Snapshots From The Internet’s Awkward Phase

This is what online life looked like in the 1990's and early 2000's. Before “Web 2.0” and back when Mark Wahlberg was Marky Mark.

Remember HotBot.com?

Remember HotBot.com?

It was one of the web's most popular early search engines. The above picture is the page on December 10th, 1997. This particular webpage is forever burned into my brain because it was always on my fourth grade teacher's computer desktop (she was far too busy searching stuff on here to actually teach us anything, sadly).


But what about people who weren't so fortunate as I was—people who didn't get regular exposure the nexuses of the old internet? And what about people who were born in more recent times, who always thought that the current infrastructure of the web looked the way it does today?

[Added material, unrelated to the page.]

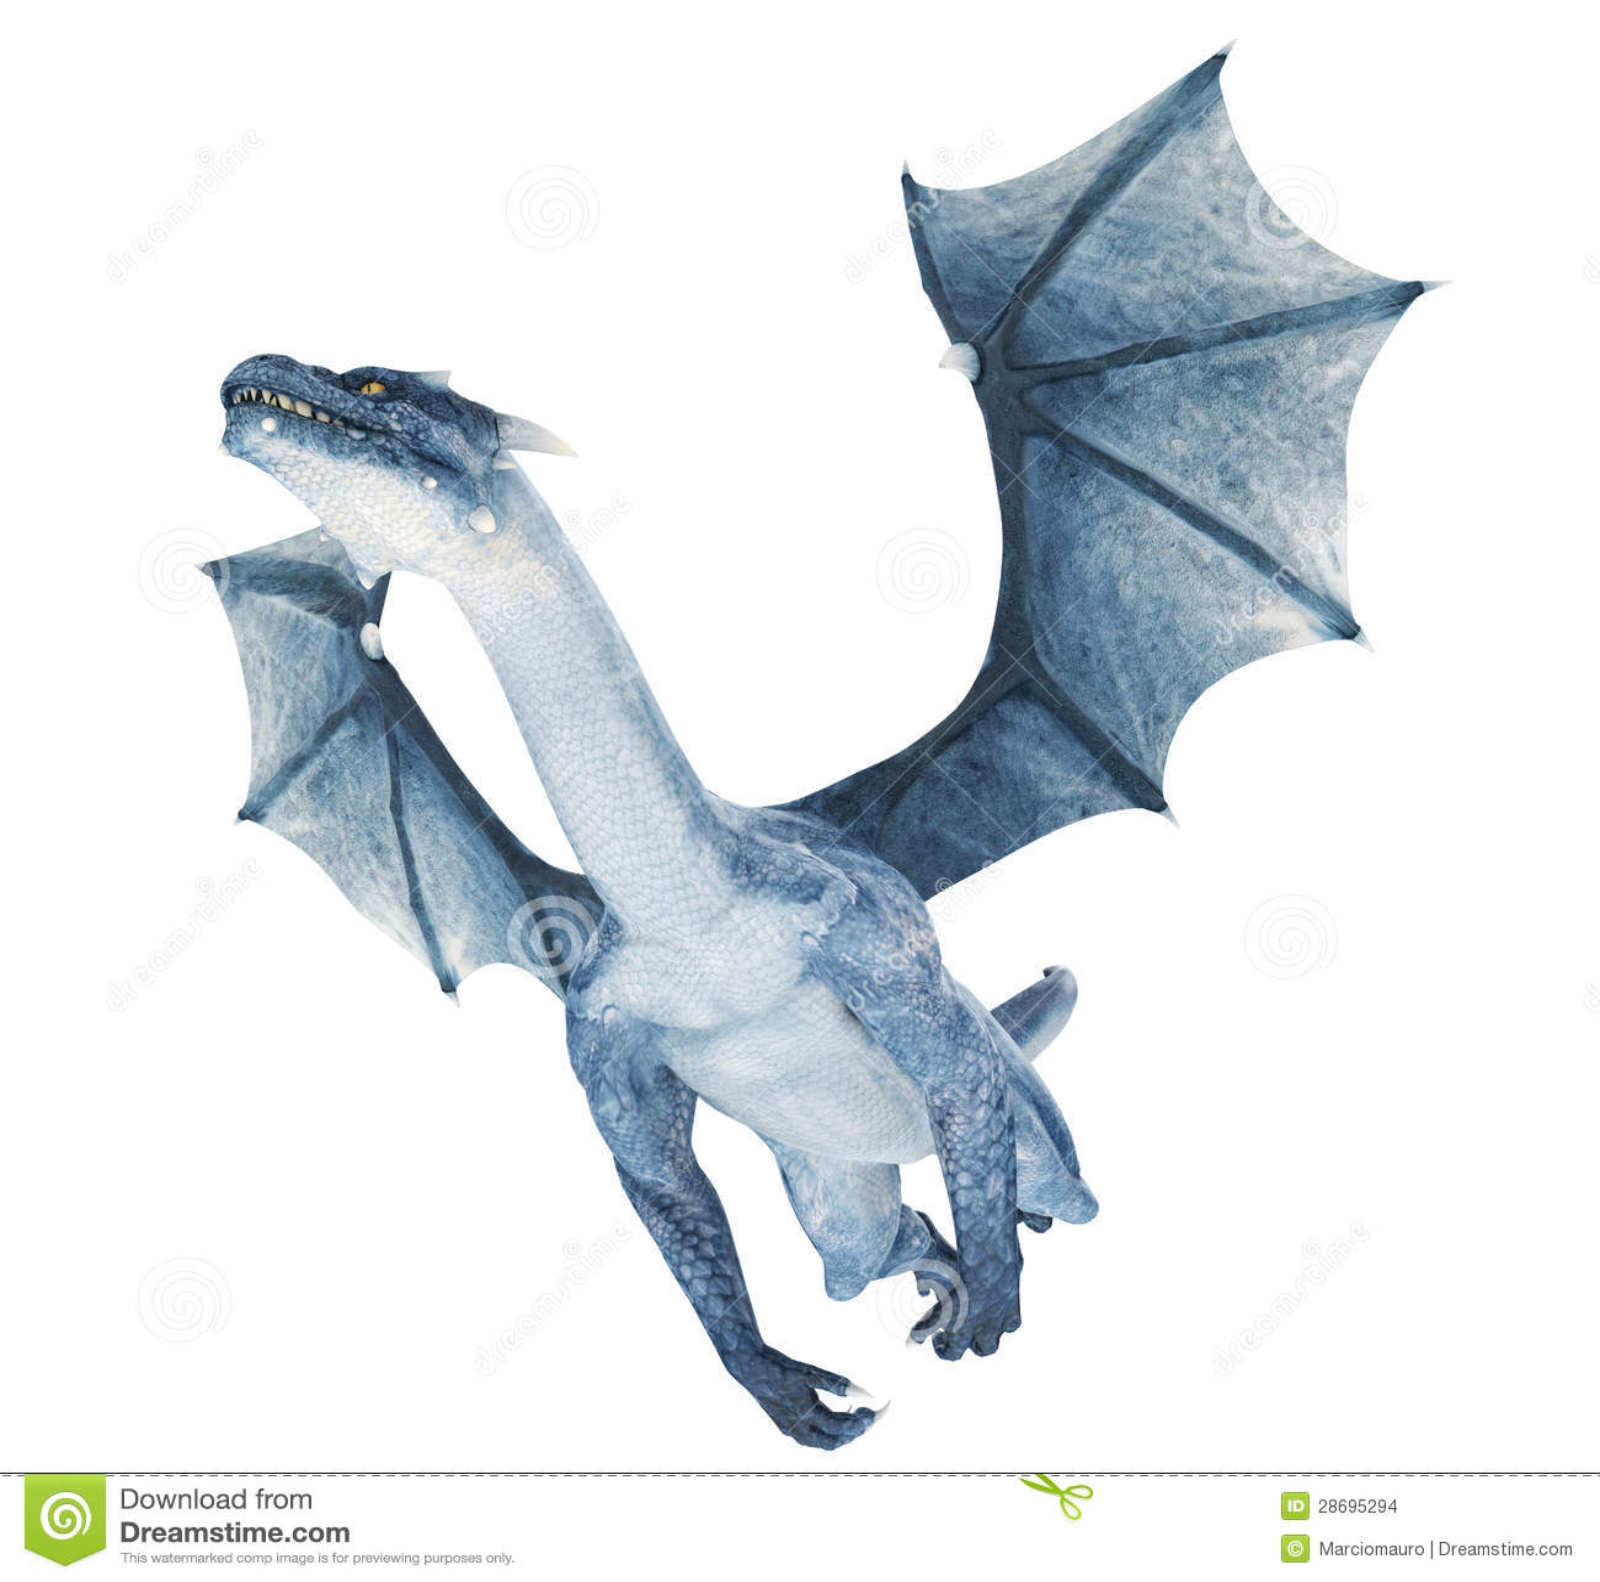 Blue Dragon Flying Stock Photo Image: 28695260 - 1300x1302 - jpeg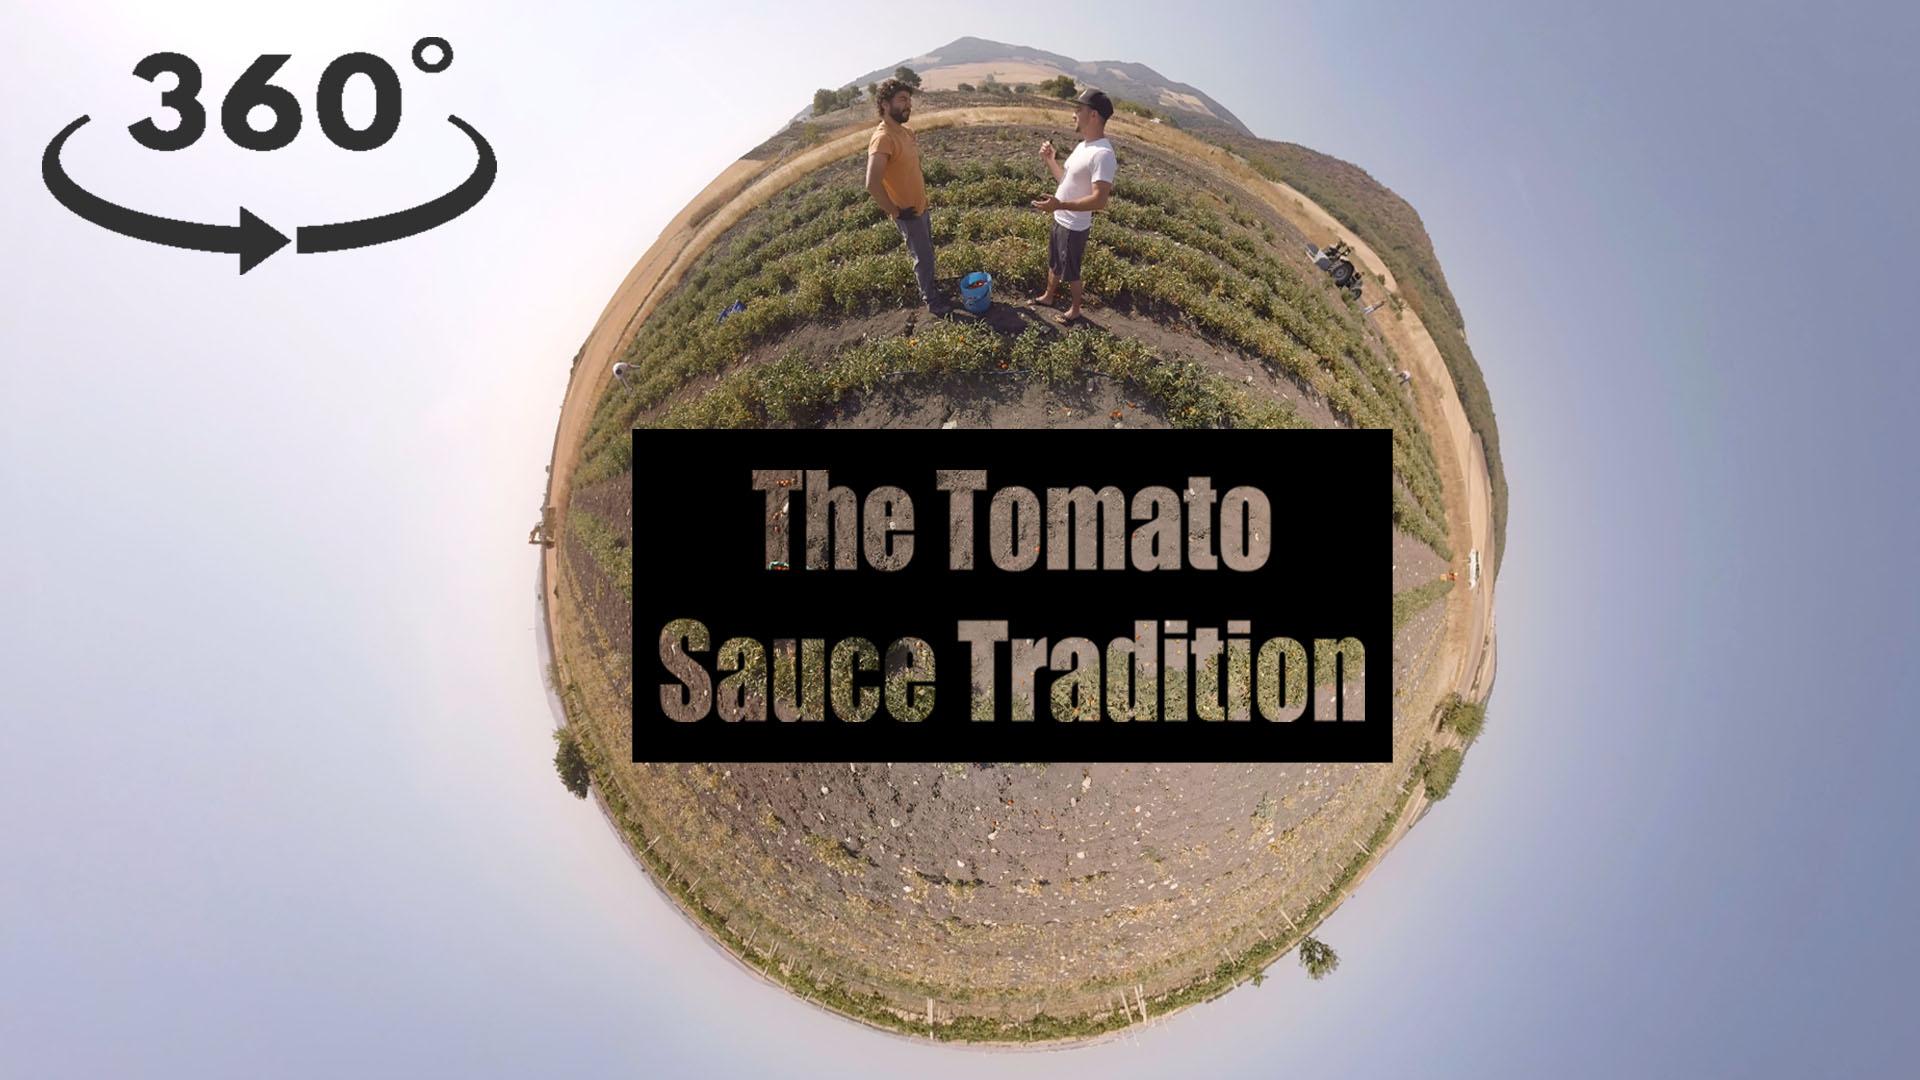 TomatoSauceTradition

A project called "The Wayback Machine" created by The Internet Archive has the answer to these questions. The Internet Archive was founded in 1996. Their mission was to, essentially, catalog the Internet like one might catalog a library. Or, in their words to offer "permanent access for researchers, historians, scholars, people with disabilities, and the general public to historical collections that exist in digital format" and to prevent "the Internet...and other 'born-digital' materials from disappearing into the past."


What other sites have been preserved in history? And what did today's current mega-behemoths look like in their awkward phase? Let's take a look!

Yahoo.com (12/28/1996)

Yahoo.com (12/28/1996)

Geocities.com (4/13/1997)

Geocities.com (4/13/1997)

AOL.com (4/21/1997)

AOL.com (4/21/1997)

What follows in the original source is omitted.